The straightforward way to solve this problem is to create a
dictionary. Like so:
[...]

a, b = get_information(line)
if a in dict.keys():
dict[a].append(b)
else:
dict[a] = [b]

So I timed the three suggestions with a few different datasets:
cat builddict.py def askpermission(d, k, v):
if k in d:
d[k].append(v)
else:
d[k] = [v]

def askforgiveness(d, k, v):
try:
d[k].append(v)
except KeyError:
d[k] = [v]

def default(d, k, v):
d.setdefault(k, []).append(v)

def test(items, func):
d = {}
for k, v in items:
func(d, k, v)

Dataset where every value causes a collision:
python -m timeit -s "import builddict as bd" "bd.test([(100, i) for i in range(1000)], bd.askpermission)"
1000 loops, best of 3: 1.62 msec per loop
python -m timeit -s "import builddict as bd" "bd.test([(100, i) for i in range(1000)], bd.askforgiveness)"
1000 loops, best of 3: 1.58 msec per loop
python -m timeit -s "import builddict as bd" "bd.test([(100, i) for i in range(1000)], bd.default)"
100 loops, best of 3: 2.03 msec per loop
Dataset where no value causes a collision:
python -m timeit -s "import builddict as bd" "bd.test([(i, i) for i in range(1000)], bd.askpermission)"
100 loops, best of 3: 2.29 msec per loop
python -m timeit -s "import builddict as bd" "bd.test([(i, i) for i in range(1000)], bd.askforgiveness)"
100 loops, best of 3: 9.96 msec per loop
python -m timeit -s "import builddict as bd" "bd.test([(i, i) for i in range(1000)], bd.default)"
100 loops, best of 3: 2.98 msec per loop
Datset where one of every 5 values causes a collision:
python -m timeit -s "import builddict as bd" "bd.test([(i % 5, i) for i in range(1000)], bd.askpermission)"
1000 loops, best of 3: 1.82 msec per loop
python -m timeit -s "import builddict as bd" "bd.test([(i % 5, i) for i in range(1000)], bd.askforgiveness)"
1000 loops, best of 3: 1.79 msec per loop
python -m timeit -s "import builddict as bd" "bd.test([(i % 5, i) for

i in range(1000)], bd.default)"
100 loops, best of 3: 2.2 msec per loop
So, when there are lots of collisions, you may get a small benefit from
the try/except solution. If there are very few collisions, you probably
would rather the if/else solution. The setdefault solution patterns
about like the if/else solution, but is somewhat slower.

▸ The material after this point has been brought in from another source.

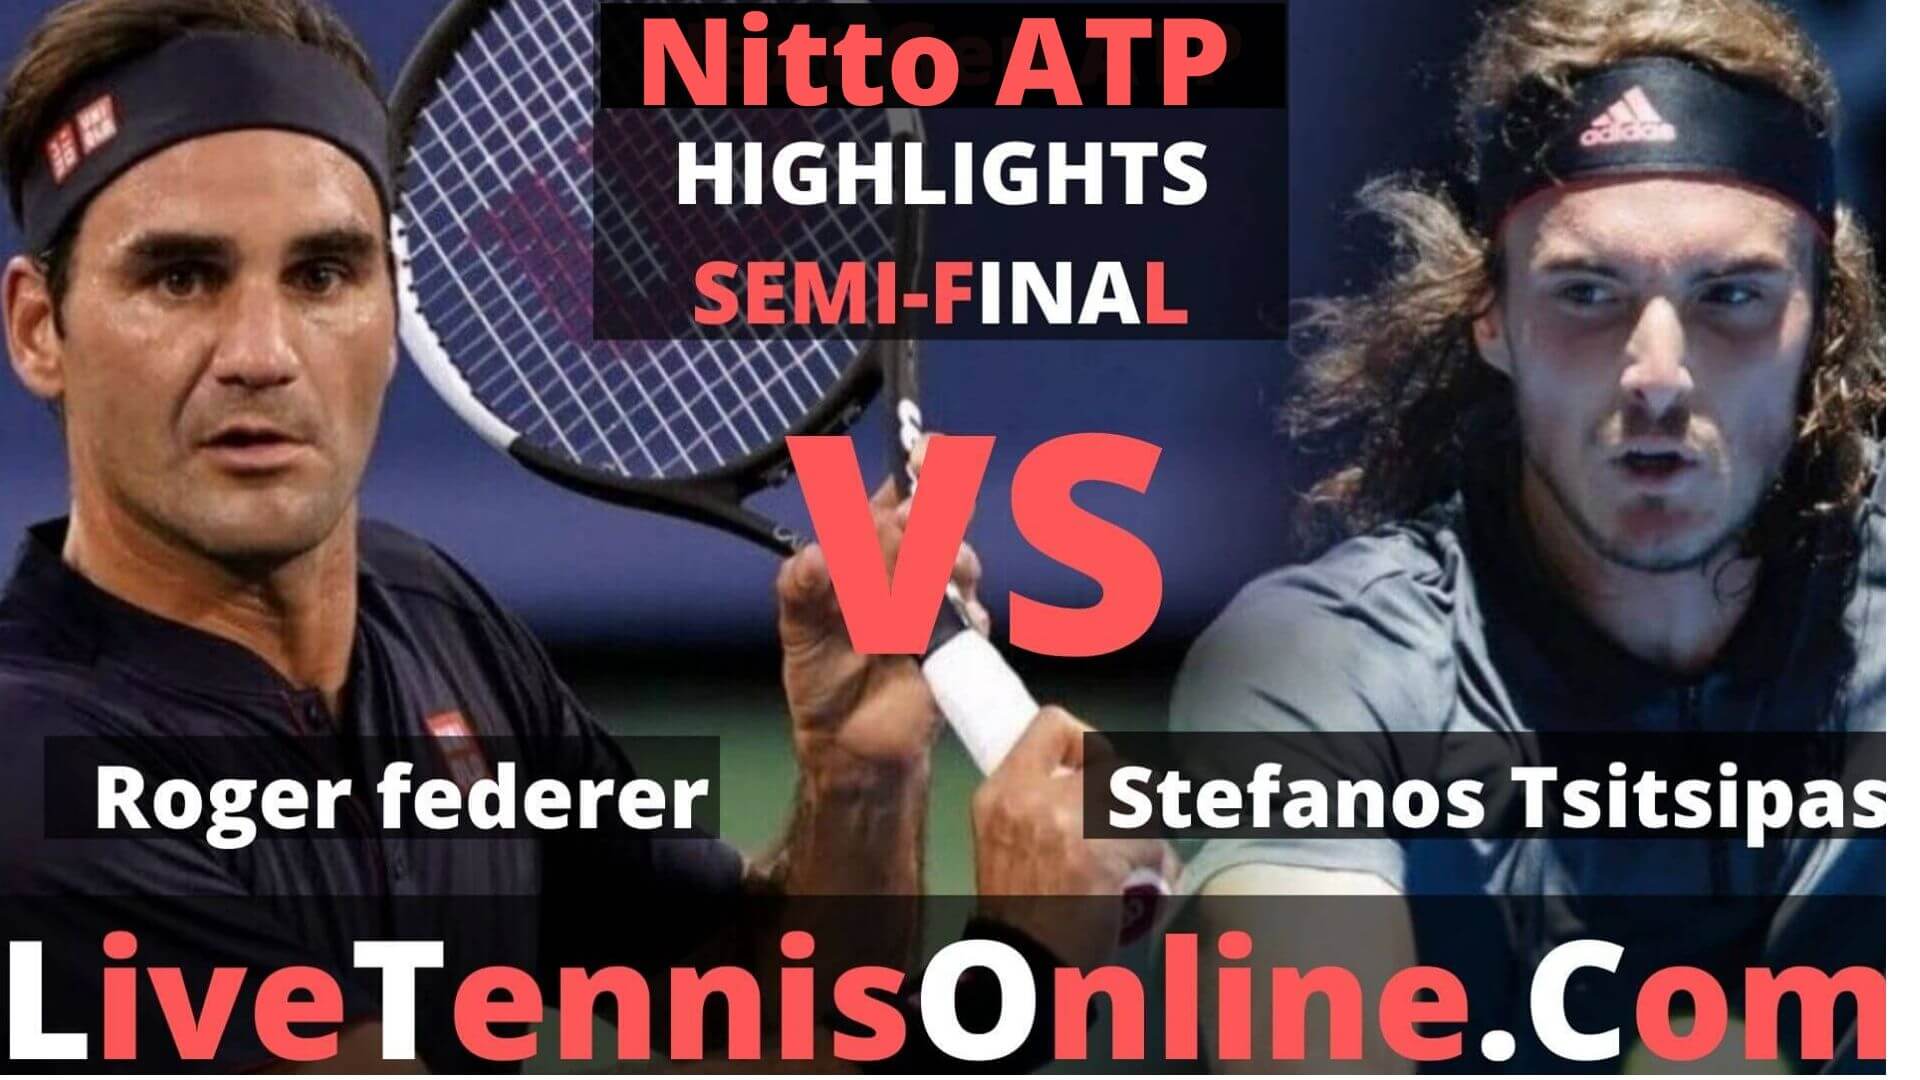 Stefanos Tsitsipas Vs Roger Federer Highlights 2019 Nitto ATP SF

I will probably continue to use setdefault, because I think it's
prettier =) but if you're running into a speed bottleneck in this sort
of situation, you might consider one of the other solutions.

Steve

Jul 18 '05 #12

Jeff Shannon

Klaus Neuner wrote:

Yet, I have got 43 such files. Together they are 4,1M
large. In the future, they will probably become much larger.
At the moment, the process takes several hours. As it is a process
that I have to run very often, I would like it to be faster.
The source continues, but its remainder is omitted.